Score the run, not just the answer
Agent evals that only score final output are missing the damn plot.
The path matters.
Did the agent read the right files? Did it call the right tools? Did it avoid secrets? Did it ask for approval at the right point? Did it stop when permissions were missing? Did it cite current sources? Did it notice a stale artifact? Did it spend twenty dollars to save five minutes? Did it create a beautiful patch with no rollback plan?
A useful shadow eval should track:
- task success
- harmful action attempts
- unnecessary tool calls
- missing tool calls
- latency
- token and tool cost
- human override rate
- stale-source usage
- policy violations
- test or verification quality
- rollback readiness
- confidence calibration
This is where agent observability and evals become the same product surface.
A trace is not just for debugging after the fire. It is training data for deciding whether the next agent version is allowed near the stove.
Promote agents like you promote services
A serious agent rollout should look boringly familiar to anyone who has shipped production software:
- offline tests
- replay tests
- shadow traffic
- limited internal writes
- guarded user-facing actions
- canary rollout
- kill switch
- rollback review
The agent should earn permissions in stages.
First it can suggest.
Then it can draft.
Then it can open a PR behind review.
Then it can handle low-risk classes of work.
Then maybe, after enough clean shadow data and human override history, it gets broader autonomy.
Not before.
“Model got better” is not a deployment plan. “The vendor launched a new agent mode” is not a safety case. “It passed the benchmark” is not permission to touch the money printer.
The eval set should keep rotting on purpose
Static eval sets go stale. Agents overfit. Teams learn the shape of the test. Vendors optimize for the scoreboard. Everyone pretends this is fine because the number went up.
For production agents, your eval corpus should keep changing because production keeps changing.
Keep a rolling sample of:
- recently solved tickets
- reverted PRs
- incident follow-ups
- confusing user asks
- flaky tool sessions
- policy-denied attempts
- expensive runs
- stale-source failures
- cases where humans said “nope”
Then replay them against candidate versions.

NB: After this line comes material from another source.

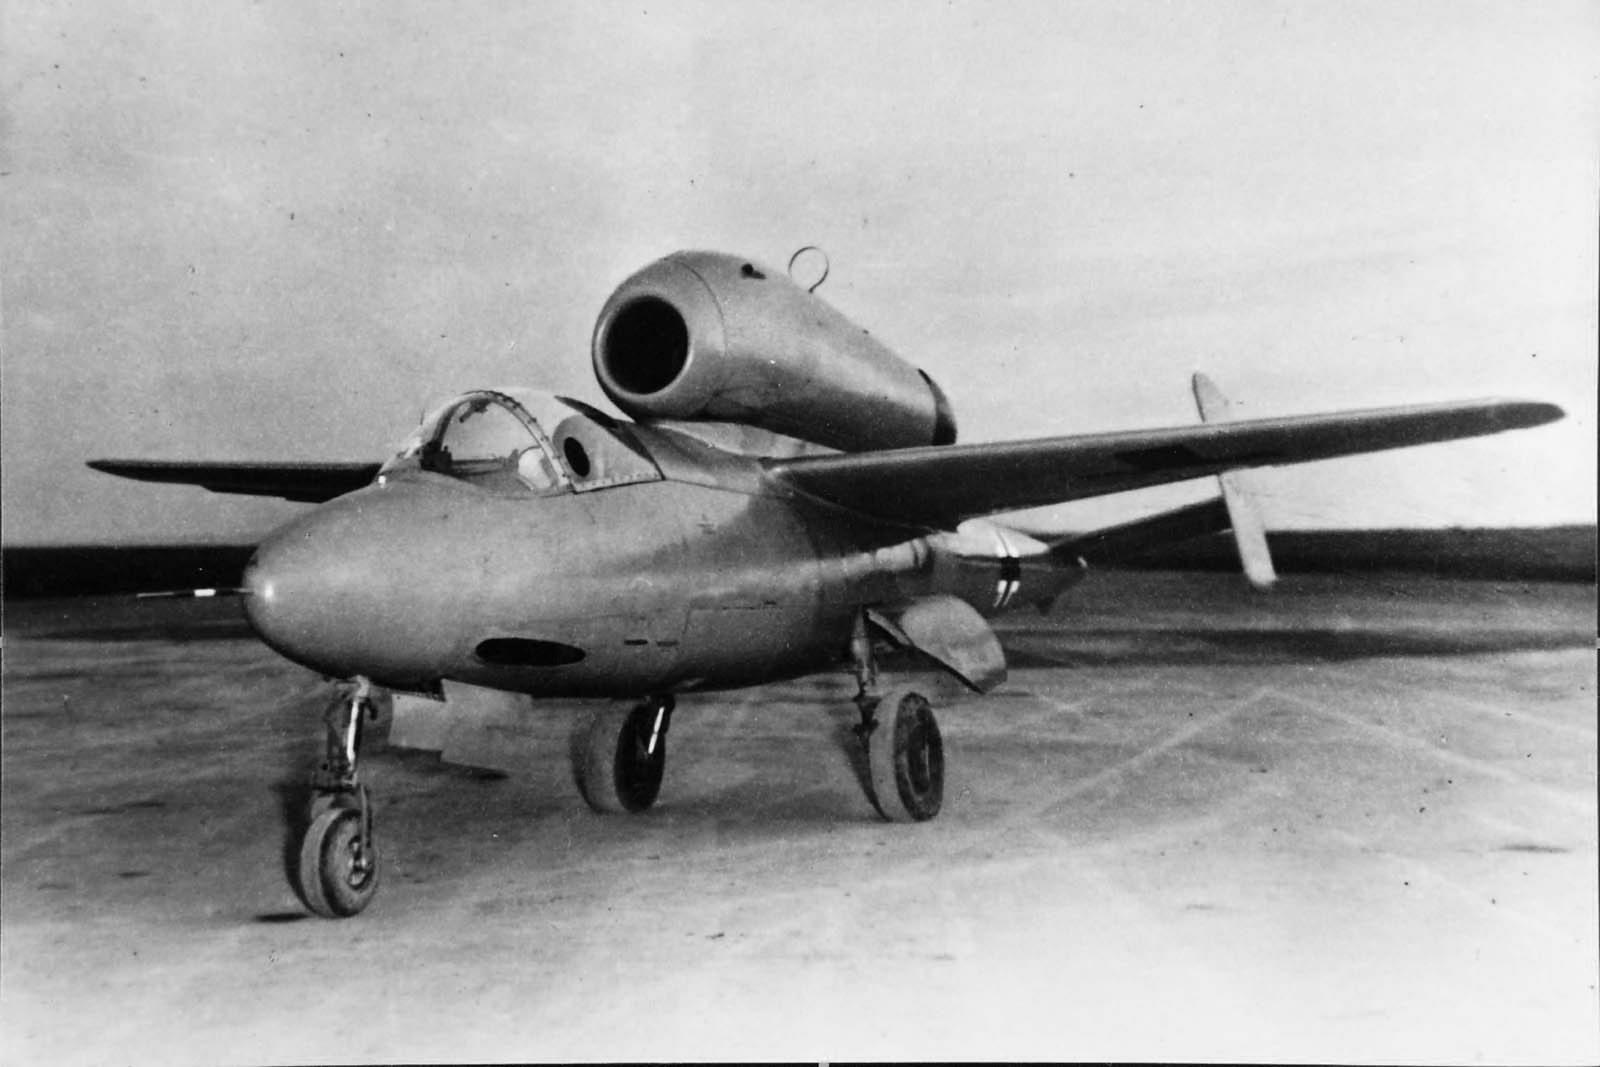 Heinkel He162 V-1 prototype W.Nr. 200 001
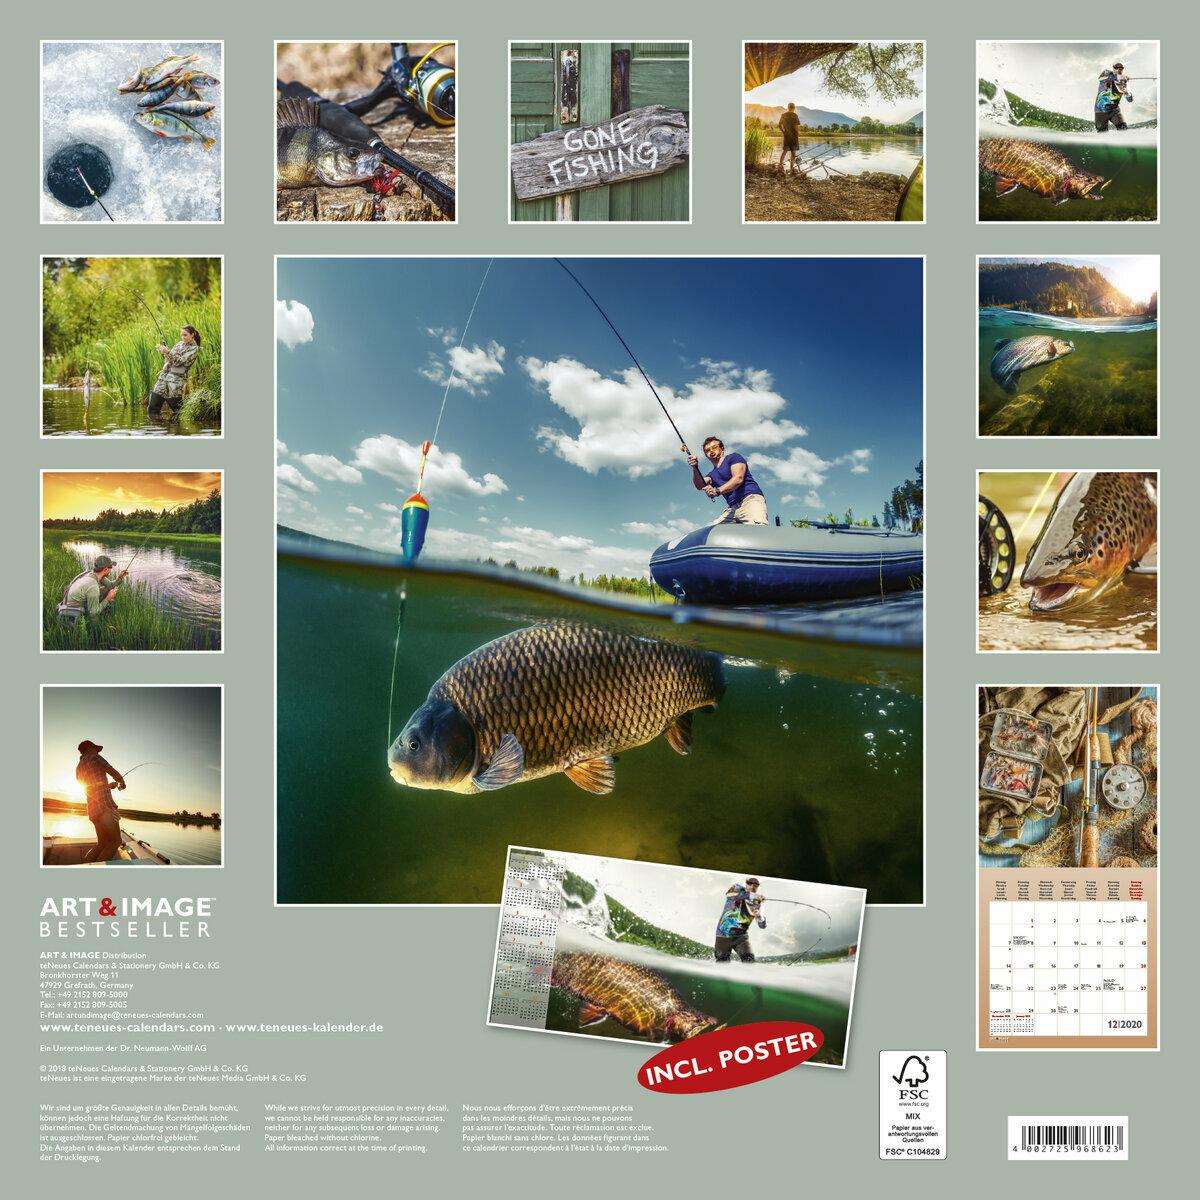 Calendrier De Peche 2020.Calendrier 2020 Peche A La Ligne Avec Poster Offert

If a new agent version improves benchmark score but increases human overrides on your actual ticket stream, ship the override metric, not the marketing slide.
The bottom line
Agents are crossing from answer machines into work machines.
Work machines need production-shaped evaluation.
Leaderboards can tell you where to look. Shadow traffic tells you whether to ship.
So build the shadow lane:
- mirror real work before granting write power
- score tool behavior, not just output prettiness
- track cost, latency, policy violations, and human overrides
- keep a fresh rolling eval set from actual failures
- promote agent permissions gradually
- make rollback and kill switches part of the eval story
If your agent only wins in a benchmark harness, congratulate it politely.
If it survives shadow traffic with fewer mistakes, lower cost, clearer receipts, and less human cleanup, now we are talking.
Everything else is trophy-board theater.